Dennis Rollins Velocity Trio: The 11th Gate

Dennis Rollins Velocity Trio
The 11th Gate
Motéma
2012-01-10

Dennis Rollins radiates positive vibes with his Velocity Trio, an unusual trombone-organ-drums combo whose first album The 11th Gate is out on Motéma Music. For one thing, Rollins writes to please — he composes memorable heads informed by funk and Latin genres, with enough melodic integrity to please jazz purists. Then there’s his playing. Rollins plays his trombone with a beautiful burnished tone, bouncing and swooping into his notes on little catenaries of sound, reaching out to listeners with a grin and a handshake. He’s also got an Aquarian numerological thing going on. Motéma had the spiritual wisdom to release The 11th Gate on 11/11/11, the day Rollins turned 47, and you’ll notice that four plus seven equals 11. (They released it digitally, that is; the physical CD had to wait until January.) Naturally the trio has included 11 tracks here, the better to usher in Rollins’s “universal paradigm shift, an emergence into our authentic selves”.

My authentic self tells me they had to pad this album to reach 11 tracks. Hammond organist Ross Stanley and drummer Pedro Segundo each get a short solo interlude; Rollins takes two of those, plus a multitracked trombone chorale that closes the album solemnly but not very memorably. That leaves six proper songs, still a good length for a jazz album, to show off this band’s impressive chops and interplay.

Opening song “Samba Galactica” punches out of the speakers with a tricky rhythm, Segundo skittering around the beats while Rollins uses some electronic device to harmonize with himself. The apparently ambidextrous Stanley handles the bassline with his left hand; his right hand either harmonizes closely with Rollins’s trombone, plays remarkably fluid solos, or stretches out on thick washes of sound that make you say, “Ooh, Hammond organ!”

The stop-time “Emergence” has been billed as a tribute to organist Larry Young, and its open chords and chromatic progressions evoke Young’s playing on Tony Williams’s “Emergency”. Stanley’s right hand does some adventurous soloing here and Rollins approves, at one point purring like a trombone kitten. “Ujamma” switches between a straightforward blues feel and a beat-stretching head. Stanley plays around with some cool metallic tone colors, and the whole thing swells to a magnificent peak about three minutes in.

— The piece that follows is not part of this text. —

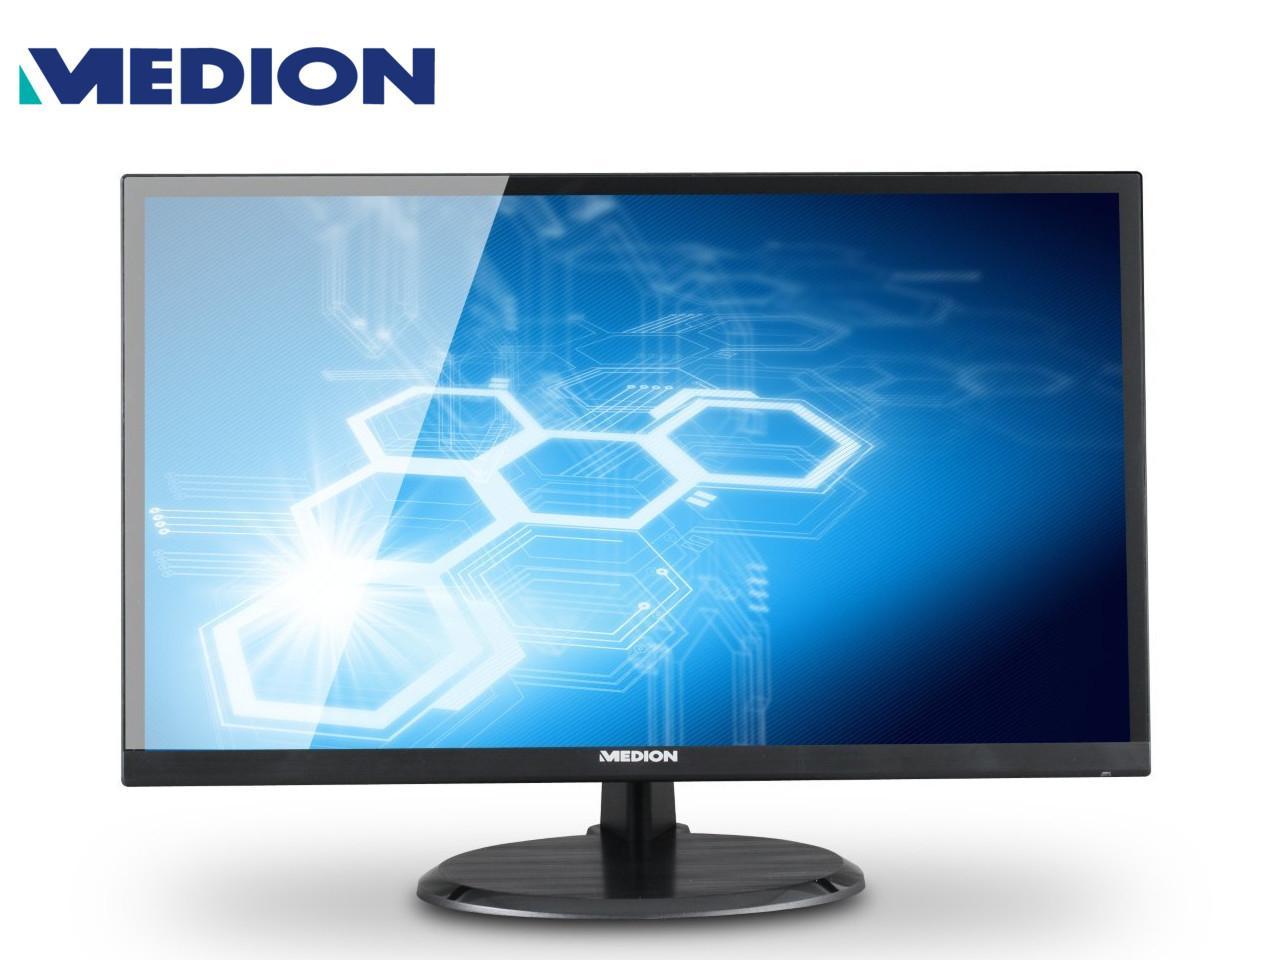 MEDION P55061 (MD 20461) + 100 Kč na dárky nebo další nákup | CHAT on-line podpora PO-PÁ 8-22.00!!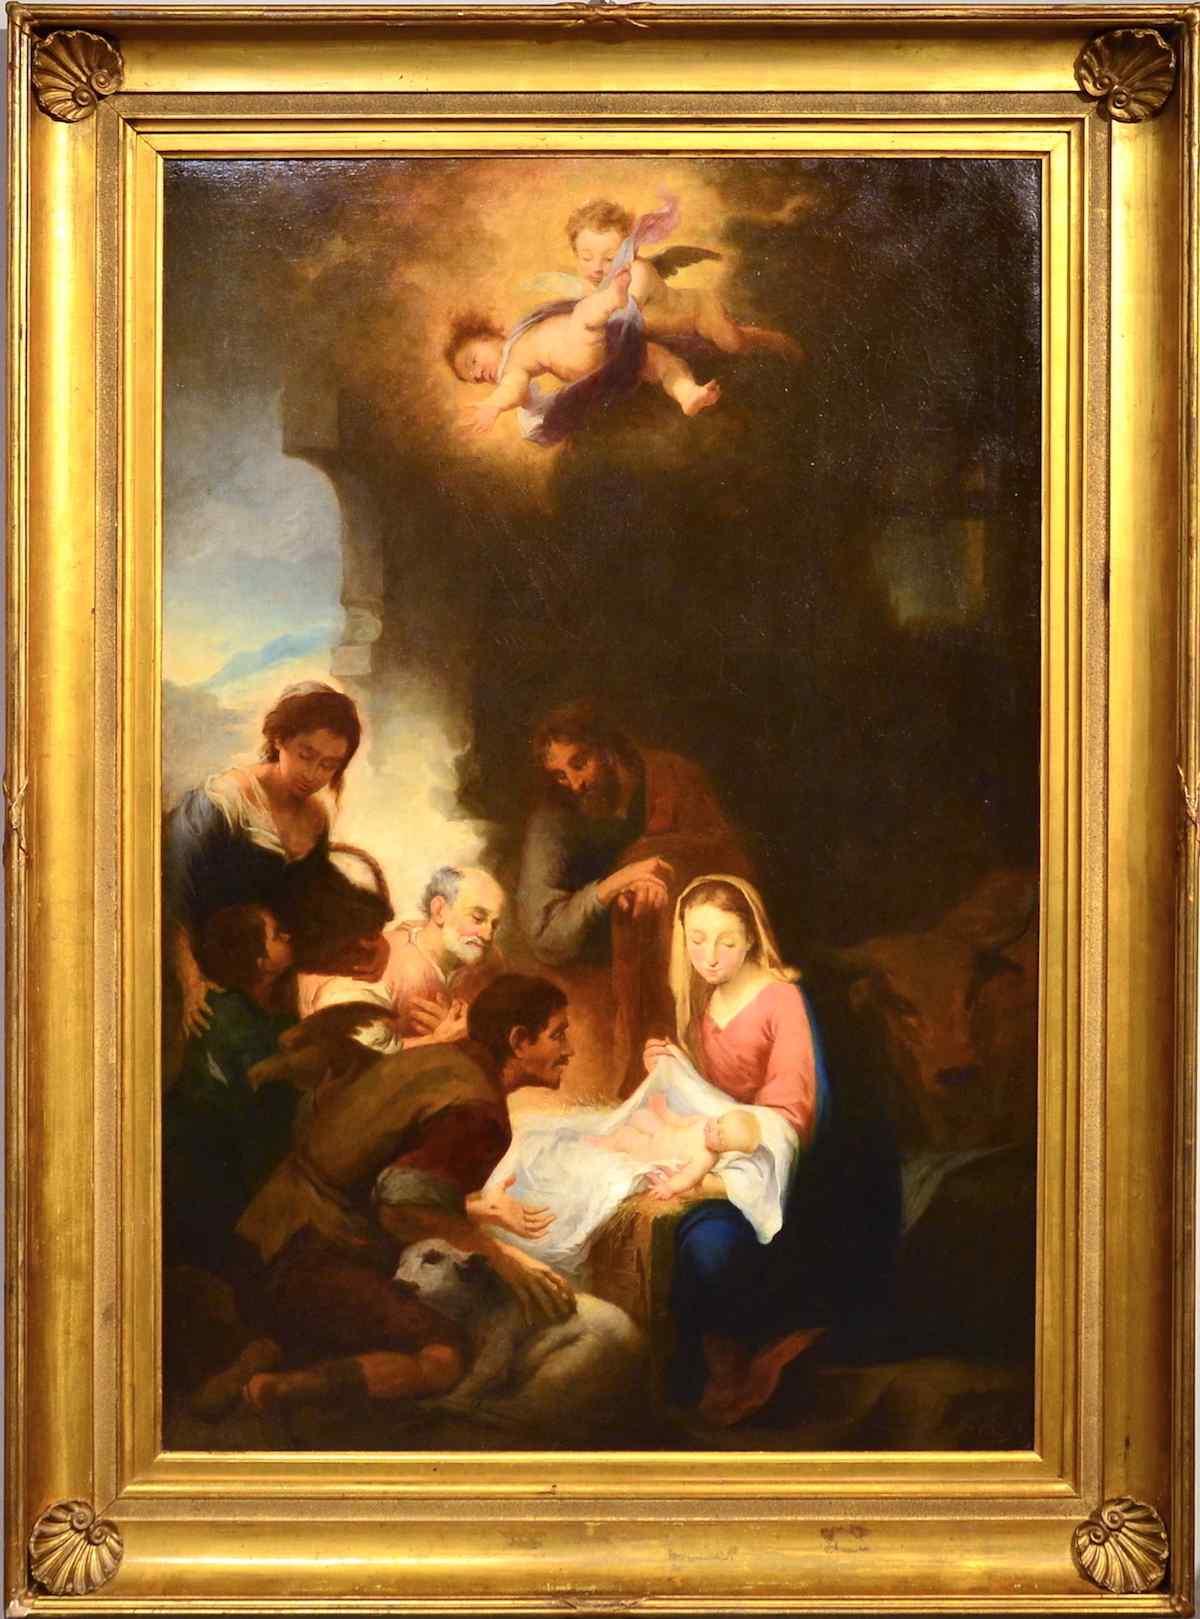 Scuola napoletana, seconda metà del Seicento - La Natività

Requisite slow song “The Other Side” is a bossa nova tribute to Rollins’s opulent sound. “The Big Chill” moves between funk and swing; Rollins breaks out the wah wah, and Stanley’s left hand adapts the head into a complicated bass ostinato. The trio also plays a groovy cover of Eddie Harris’s “Freedom Jazz Dance”, at times breaking down the meter so confidently they seem to have a psychic connection.

This is all fine, accomplished stuff, but The 11th Gate is ultimately too tidy to set anyone’s world on fire. Solos are inventive but never outlandish; the chord changes go to unexpected places, but they never astonish. The album sounds immaculate, and you get the sense these guys knew what they were doing every step of the way. They’ve made a solid and professional straight-ahead jazz record. That’s not exactly a universal paradigm shift, but it’ll at least keep you awake until your enlightenment kicks in.